* _YOUR GOAL_:
Among the entries below, find the line with "堂林 翔太の球数分布(2021年8月)" and the line with "Geraldo Alckmin (PSB)". Return exactly those lines and every line between them, but no pictures.

* _AVAILABLE RECORDS_:

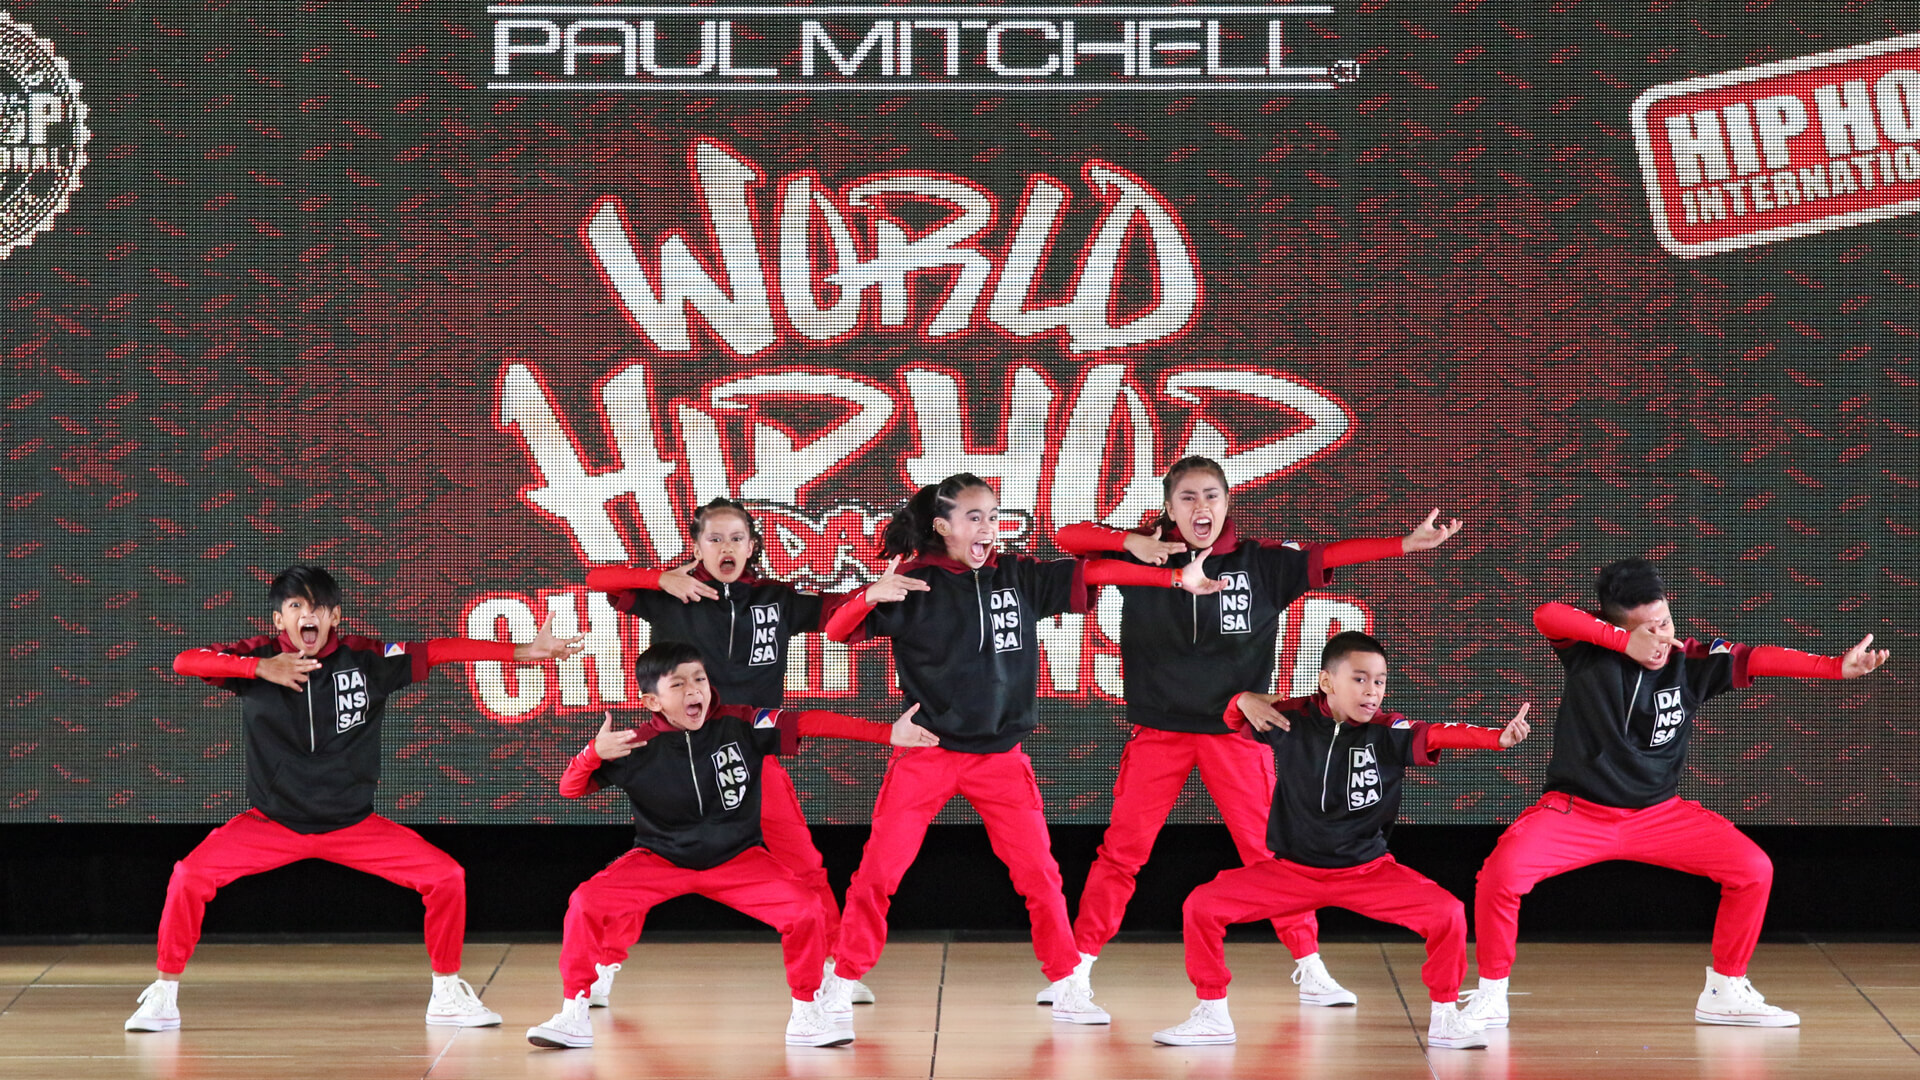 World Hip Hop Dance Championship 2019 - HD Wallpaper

==

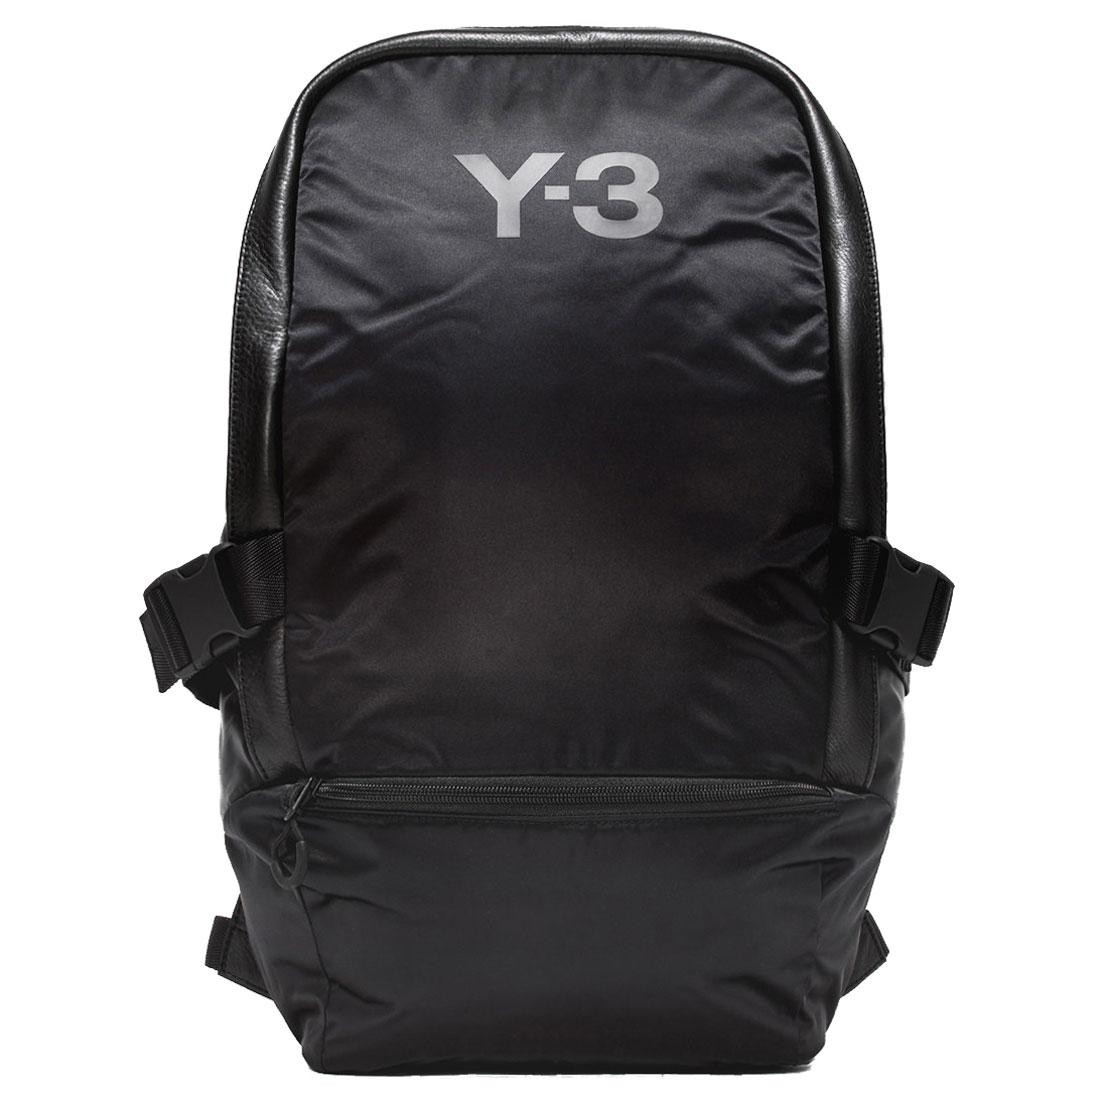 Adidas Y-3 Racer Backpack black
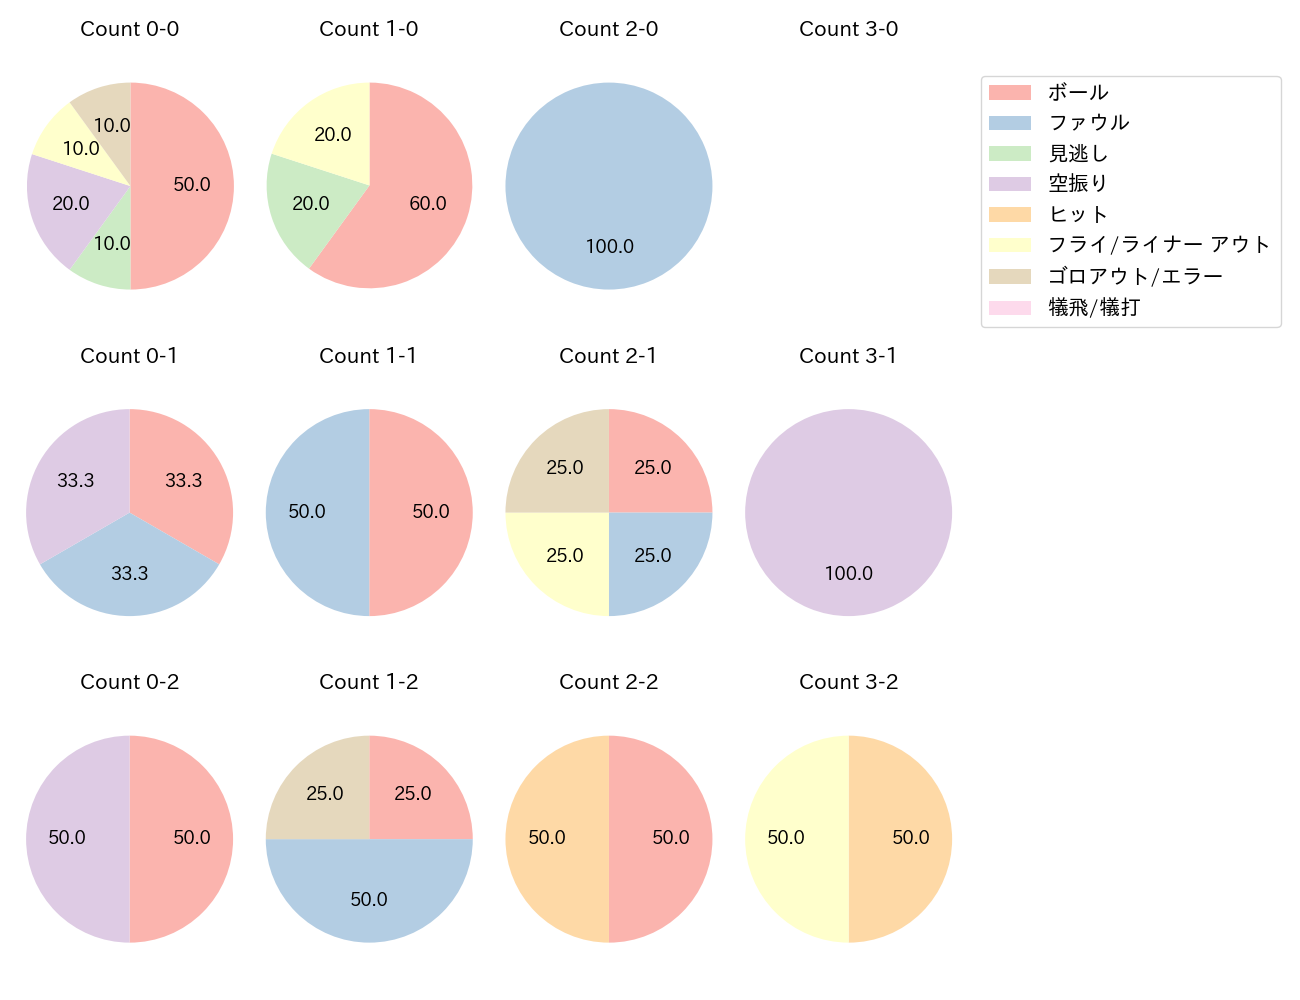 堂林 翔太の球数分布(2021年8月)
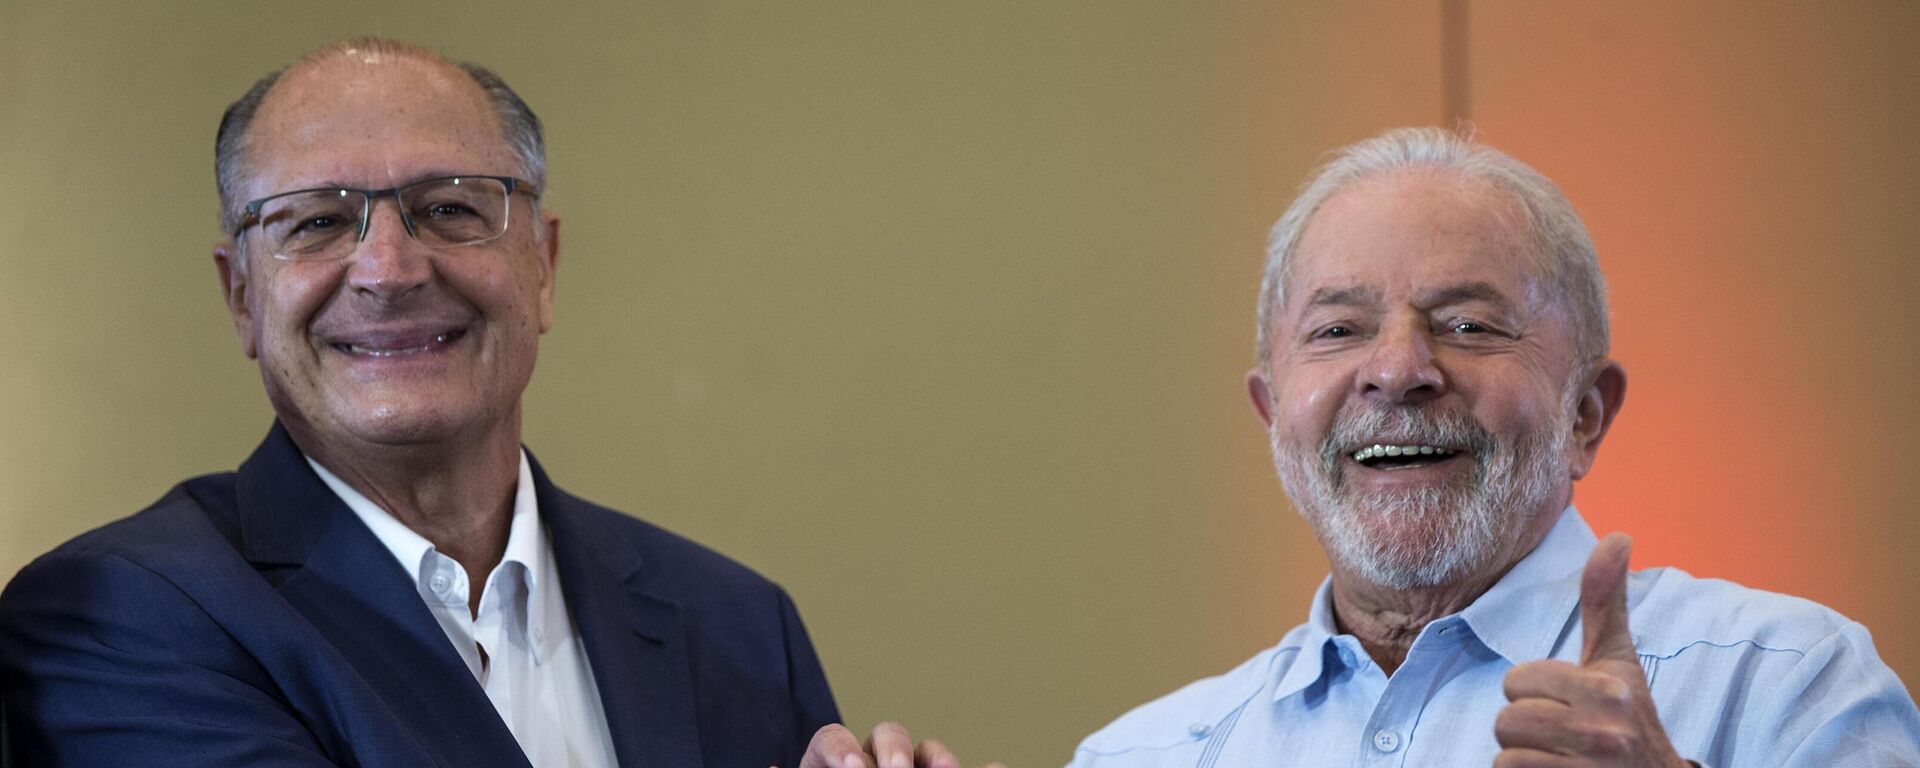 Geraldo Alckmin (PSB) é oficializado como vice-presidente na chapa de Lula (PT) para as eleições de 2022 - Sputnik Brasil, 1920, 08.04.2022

* _FINISHED EXERCISE_:
 堂林 翔太の球数分布(2021年8月)
 Geraldo Alckmin (PSB) é oficializado como vice-presidente na chapa de Lula (PT) para as eleições de 2022 - Sputnik Brasil, 1920, 08.04.2022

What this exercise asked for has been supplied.